In our landscape, we have taken the lens of ‘core value-proposition’ as perceived by us to position companies along a spectrum from point solutions to more full stack solutions on the x-axis and aligning them along the factory tech stack value chain on the y-axis. We see this dimension of core value proposition as one of the key drivers for the industry. While this is our key criteria, there are of course many other dimensions that can be used to slice & dice the landscape like e.g. the ICP focus on the range from mid-market to large enterprise, high performance for extreme data loads vs. “normal” environments, focus on “IoT devices in the field” vs machines on the factory floor, discrete manufacturing vs. process industries among others. As we were building this landscape, we faced three core challenges — unravelling the inherent complexities of a highly interconnected data infrastructure for a factory floor & defining the scope of each layer in a way that it didn’t overlap with the previous one & yet correctly capturing the intricacies for that layer and then reconciling that with the exact solutions companies offered given the sometimes blurry language on company websites and pitch decks. The task of defining the value propositions was more nuanced than expected as companies seem to be offering a variety of overlapping but not identical feature sets especially as you go up the stack towards the platform making it harder to place these companies clearly in specific categories and finally, companies seem to be adding to their product suites as they inch towards becoming more full-stack.
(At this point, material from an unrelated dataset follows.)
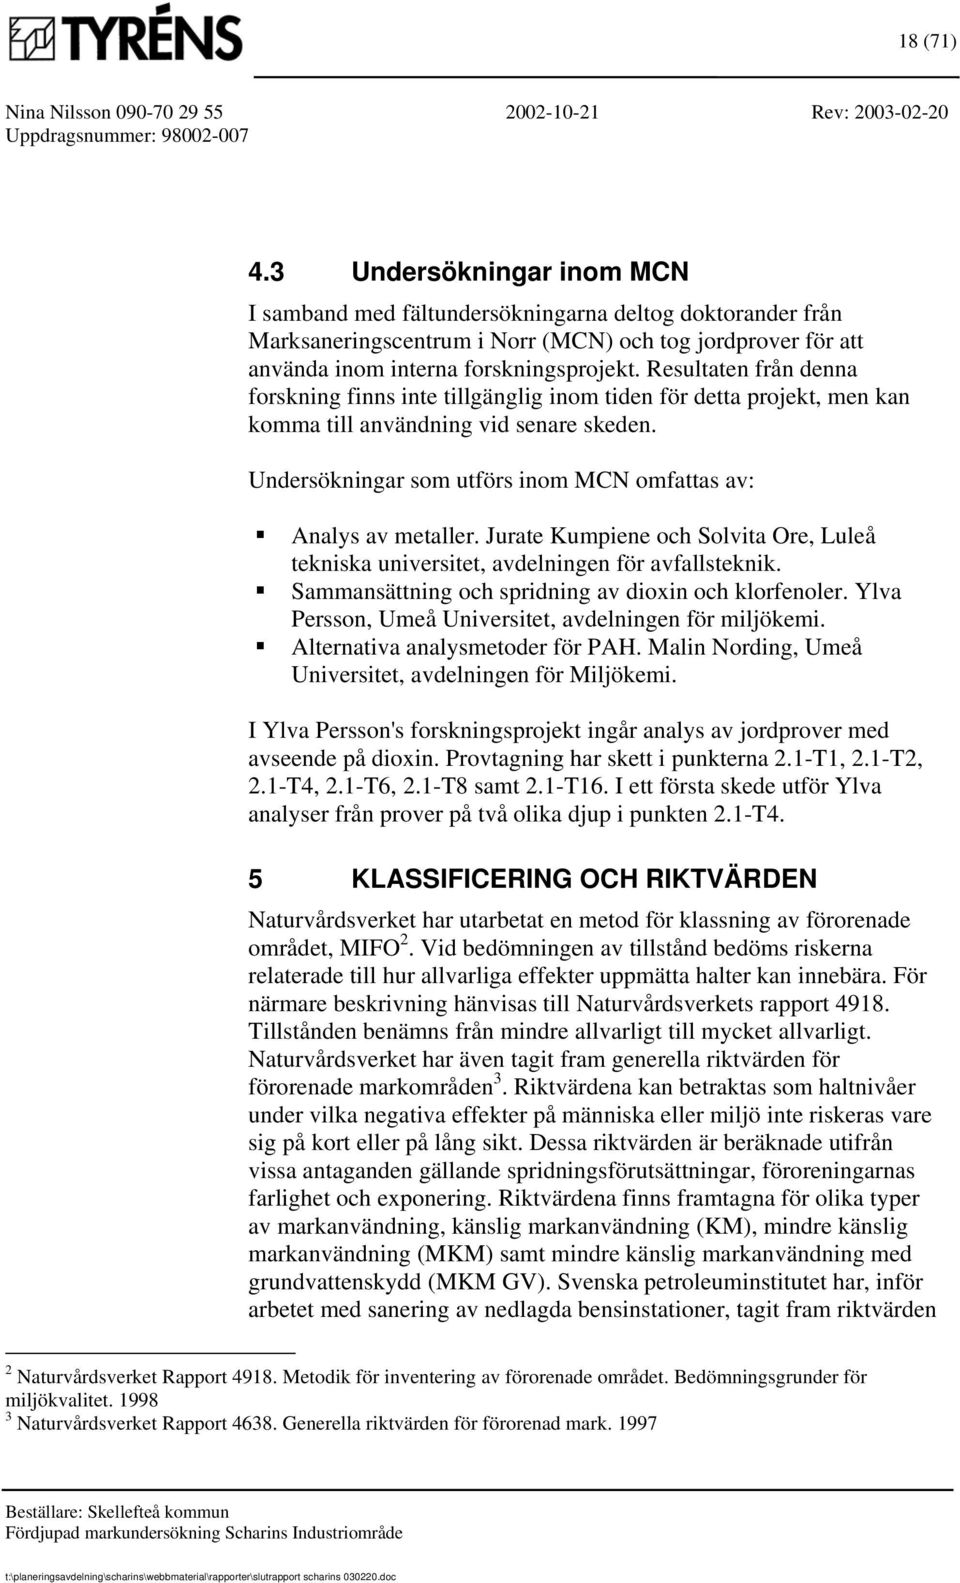 Undersökningar som utförs inom MCN omfattas av: Analys av metaller. Jurate Kumpiene och Solvita Ore, Luleå tekniska universitet, avdelningen för avfallsteknik.

This trend of moving up the stack and the hypothesis behind it is something that we cover in our discussion below. Companies positioned further to the right on the x-axis, such as SAP, Cognite, and Microsoft, are generally recognized as more established, full-stack solution providers. They often achieve this status through strategic partnerships with players lower in the technology stack. Moving leftward along the axis, the companies become increasingly specialized in specific layers of the stack, with some gradually expanding toward full-stack capabilities.
As can be seen in the chart, companies in this space are taking different approaches. There are players like HiveMQ, Semodia that are focused on brokering the data at the connectivity layer while players like US basedLitmus, having started from the connectivity, have moved upwards to providing full stack solutions. Now positioned as an Industrial DataOps that connects OT to IT, Litmus also provides the foundation for tech giants like Google to link cloud services with manufacturing plants. Germany-based Cybus, a Matterwave portfolio company, positions their software “Connectware” as a vendor-agnostic factory data layer, enabling a more strategic approach to digitalization. The solution realizes all aspects of DataOps and IT/OT integration, prioritizing technological independence and enabling composable, individual technology stacks. Leading manufacturers such as Porsche have built their data foundation with Connectware, integrating cloud and shop floor in production-critical, highly available setups across multiple sites. While these are players that have taken the bottom up approach, players like Reflek.io partner with the likes of Litmus for connectivity to provide platform solutions to manufacturers and have expanded upwards towards the enterprise layer also providing end use cases like a Digital Twin. In contrast, players like Cognite position themselves as ‘built for purpose’ platforms for the Industry and focus on doing just that.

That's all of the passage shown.